Materials Case Study 2:
High-performance hydrogen storage
Hydrogen is a fantastic potential future fuel since it only produces water as waste, with no direct carbon emissions. Hydrogen-powered cars already exist, but the hydrogen in these cars is stored in high pressured cylinders. It would be much better if the hydrogen gas could be stored at lower, safer pressures within a container that held sufficient gas for the car to travel hundreds of miles. Scientists at the University of Nottingham are researching the preparation and characterisation of new porous materials called Metal Organic Frameworks (MOFs), which can store large amounts of hydrogen, (i.e. high volumes and masses of hydrogen) at relatively low pressure. You can then, in principle, place these materials in the back of your car, and you will have a lot of hydrogen fuel to power your car. Furthermore, it is safer than having a high pressure cylinder.
So how do you go about creating these metal-organic frameworks to store hydrogen at lower pressures?
Metal-organic frameworks are materials with metal ions bridged by organic molecules that can form internal porous structures (like sponges) with very small holes, cavities and channels within them. These are about a nanometre or so across, just about the right sized hole for storing other molecules. A hydrogen molecule, which is 2 hydrogen atoms joined together, is really rather small so you have to make a material with very small holes to catch the hydrogen. Our metal-organic frameworks have holes which are about the right size for trapping hydrogen gas.

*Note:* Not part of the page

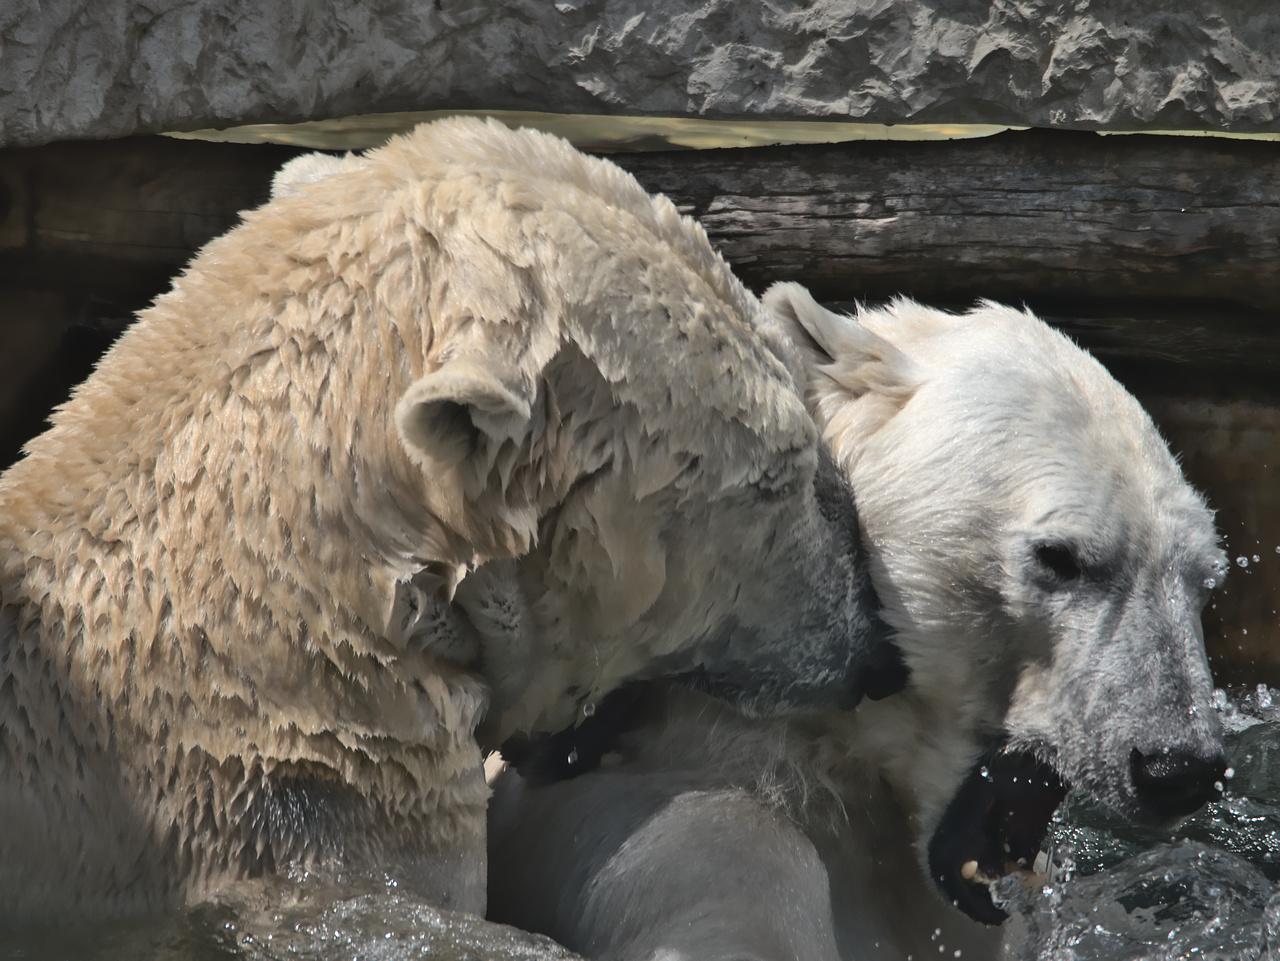 20200601_Zoo_Karlsruhe_011

How do you use Diamond Light Source?
If you are to understand why the material has the properties it has, you need to understand the internal structure and what these pores are actually like within the material. There aren’t many techniques which will tell you this and the one which is particularly critical is single crystal X-ray diffraction. A small crystal is prepared and you fire X-rays at it. The structure diffracts the X-rays and the structure of the material can then be worked out. This will tell you exactly where the atoms are and, in our case, exactly what the interior of the pore looks like, what the dimensions are and what the shape is. The advantage of the Diamond Light Source is that it has particularly high power X-rays, a much more intense X-ray beam, and this means that we can look at much smaller crystals. In the case of our materials, it is very common to get small crystals, and it is often not possible to make bigger crystals. As a result we can only get this structure by using the beam line at Diamond.
How are you looking to improve the efficiency of a metal organic framework to store hydrogen?
People thought a few years ago that making larger and larger pores was the way to go, but that turned out to be slightly misleading. This is because if the hydrogen molecules are too far away from the pore walls and are sitting in the middle of the pores, they just act like hydrogen gas. So what people are working towards now are cleverer shapes of pores and what they call ‘decorating’ the pores, that is, putting chemical groups on the inside that will actually hold on to the hydrogen more firmly.